• [INFORMATION]:
==========
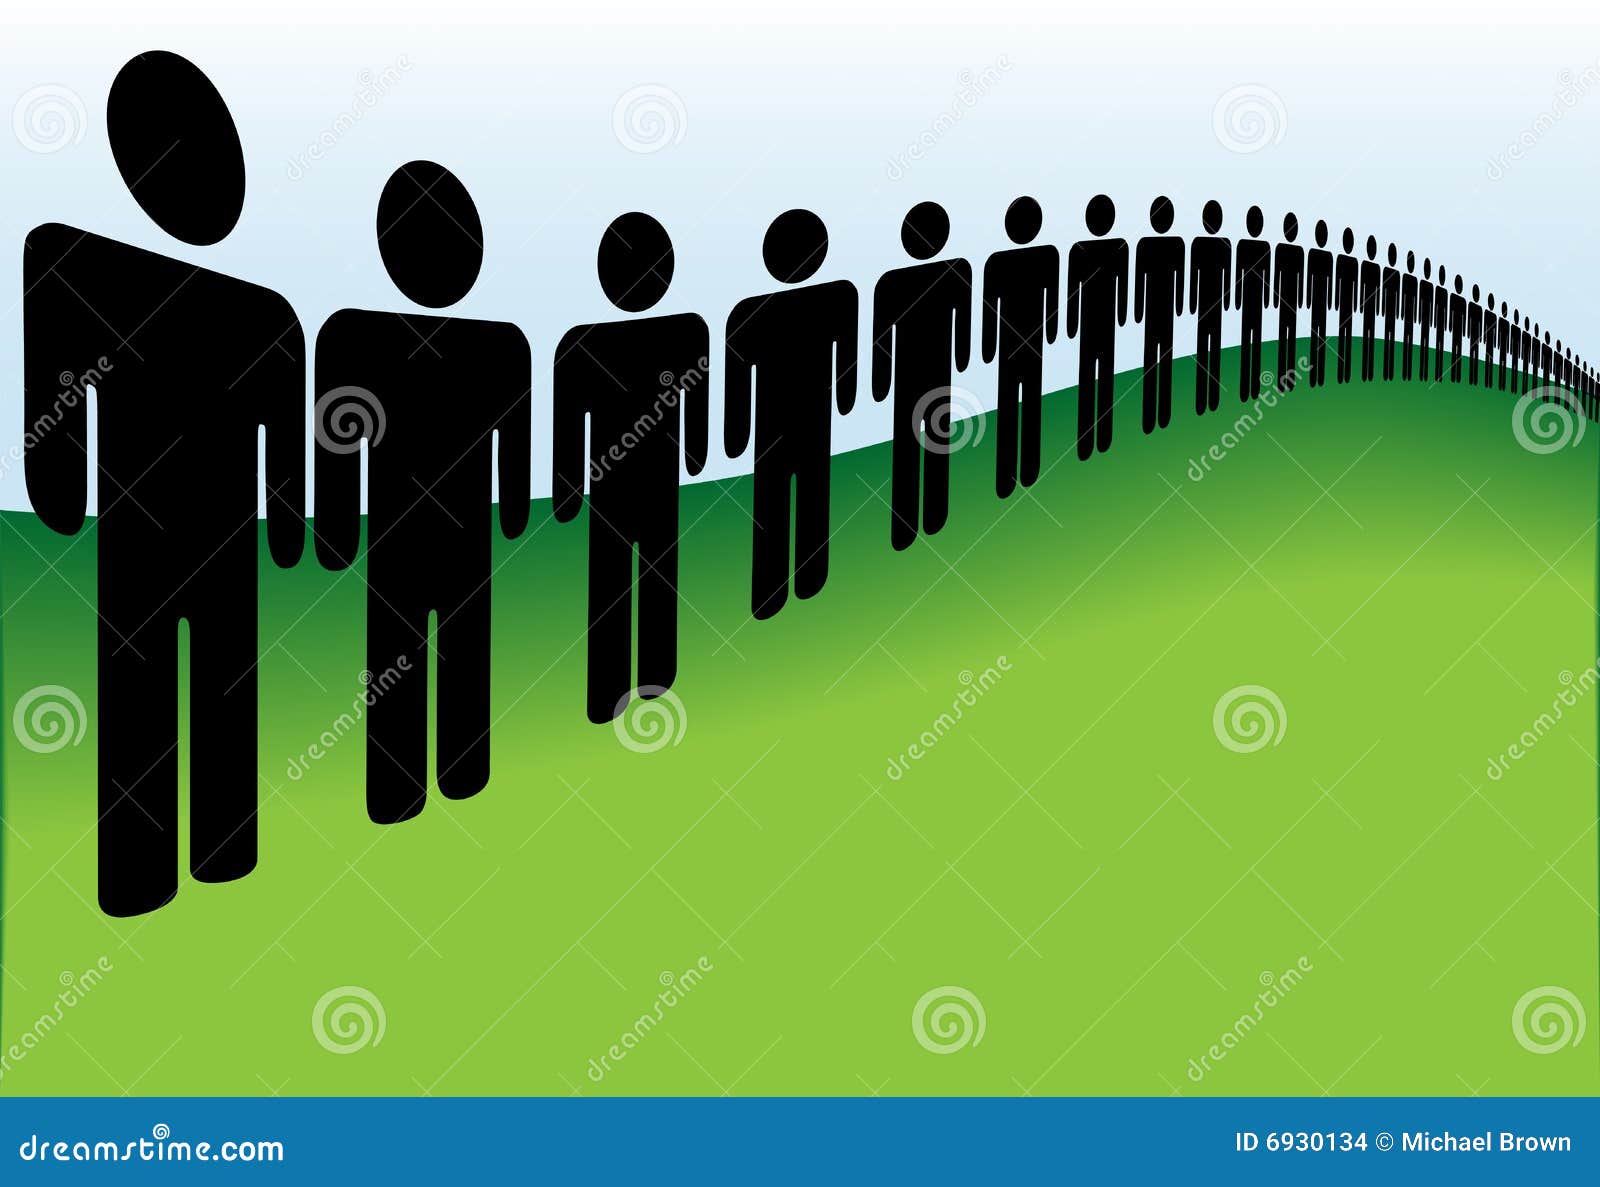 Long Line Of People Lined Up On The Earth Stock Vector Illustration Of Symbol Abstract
==========
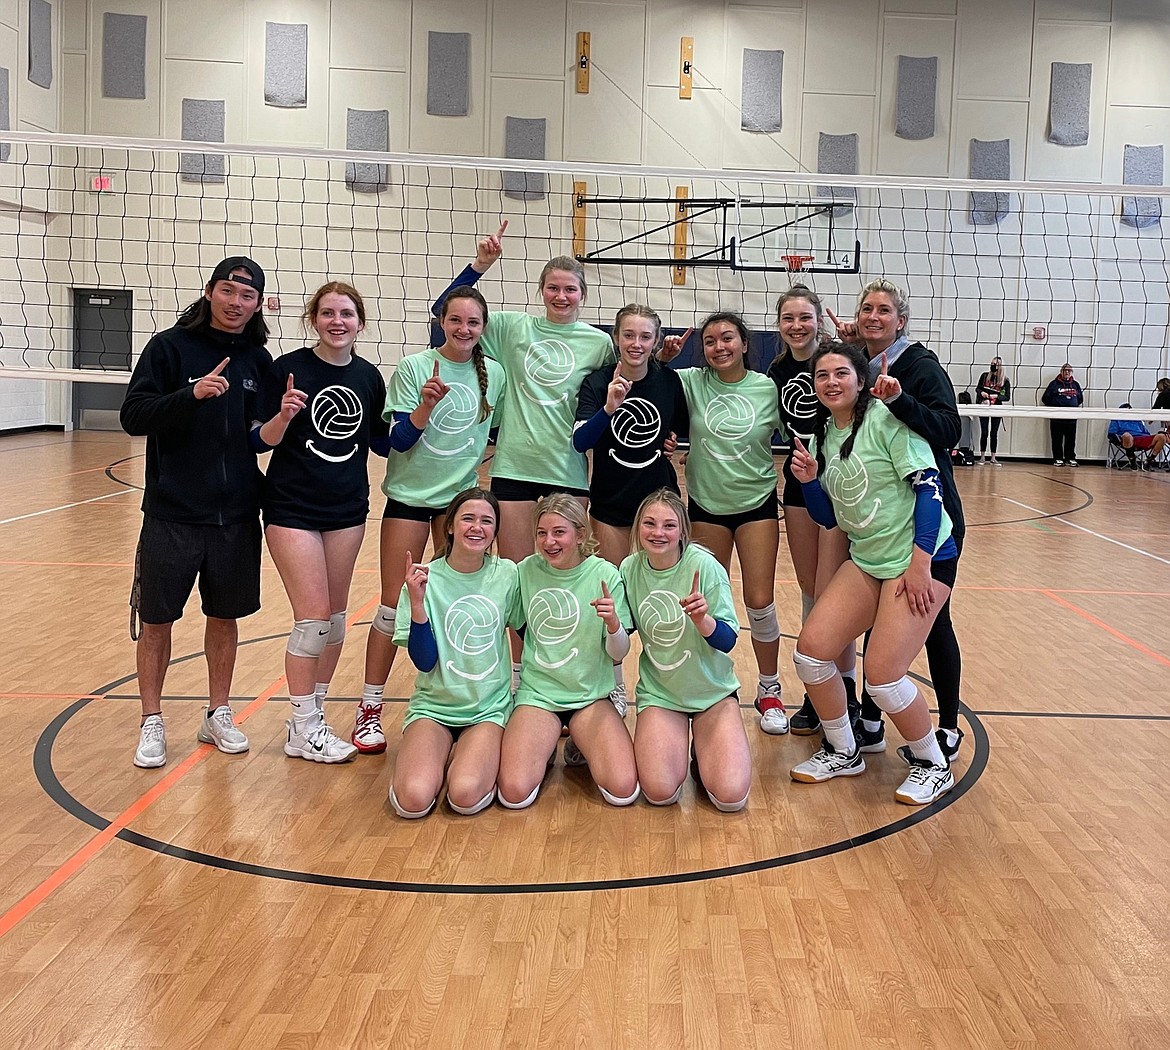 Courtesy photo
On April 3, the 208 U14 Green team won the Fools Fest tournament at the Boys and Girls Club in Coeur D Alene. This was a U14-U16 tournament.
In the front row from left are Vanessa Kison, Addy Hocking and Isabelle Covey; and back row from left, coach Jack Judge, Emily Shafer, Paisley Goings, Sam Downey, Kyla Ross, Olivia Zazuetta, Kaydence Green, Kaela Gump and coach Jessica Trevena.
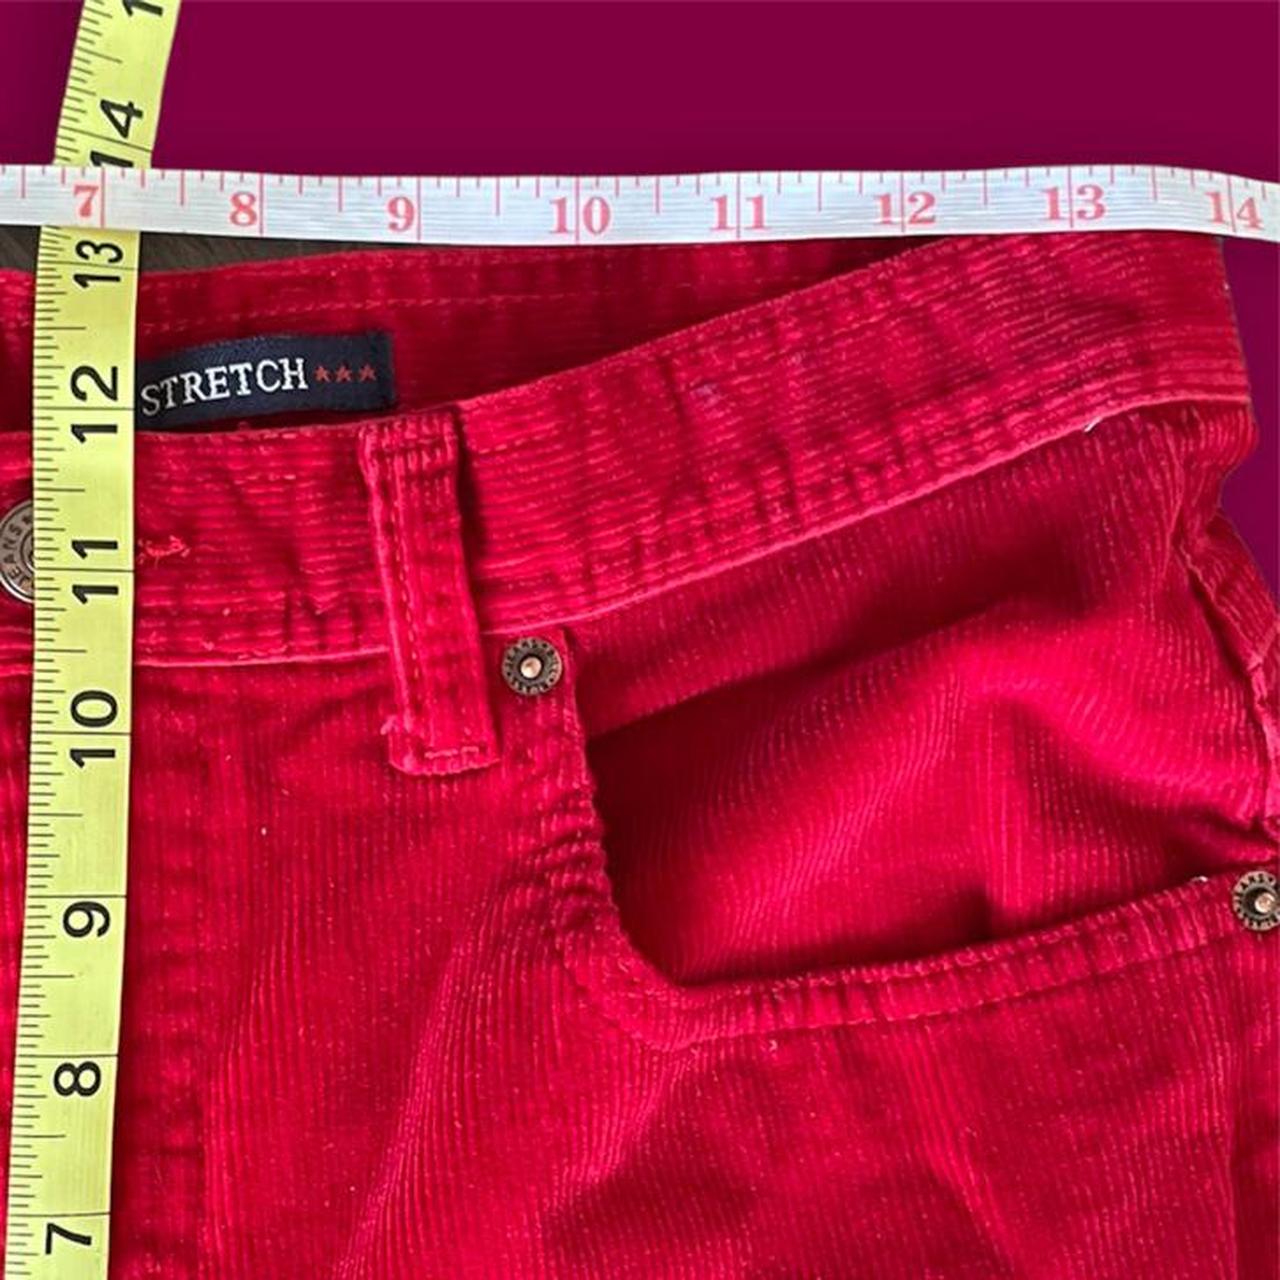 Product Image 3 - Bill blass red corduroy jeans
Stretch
==========
For the string "Green", work out how many lines of the entries contain it and reply with that number alone.

2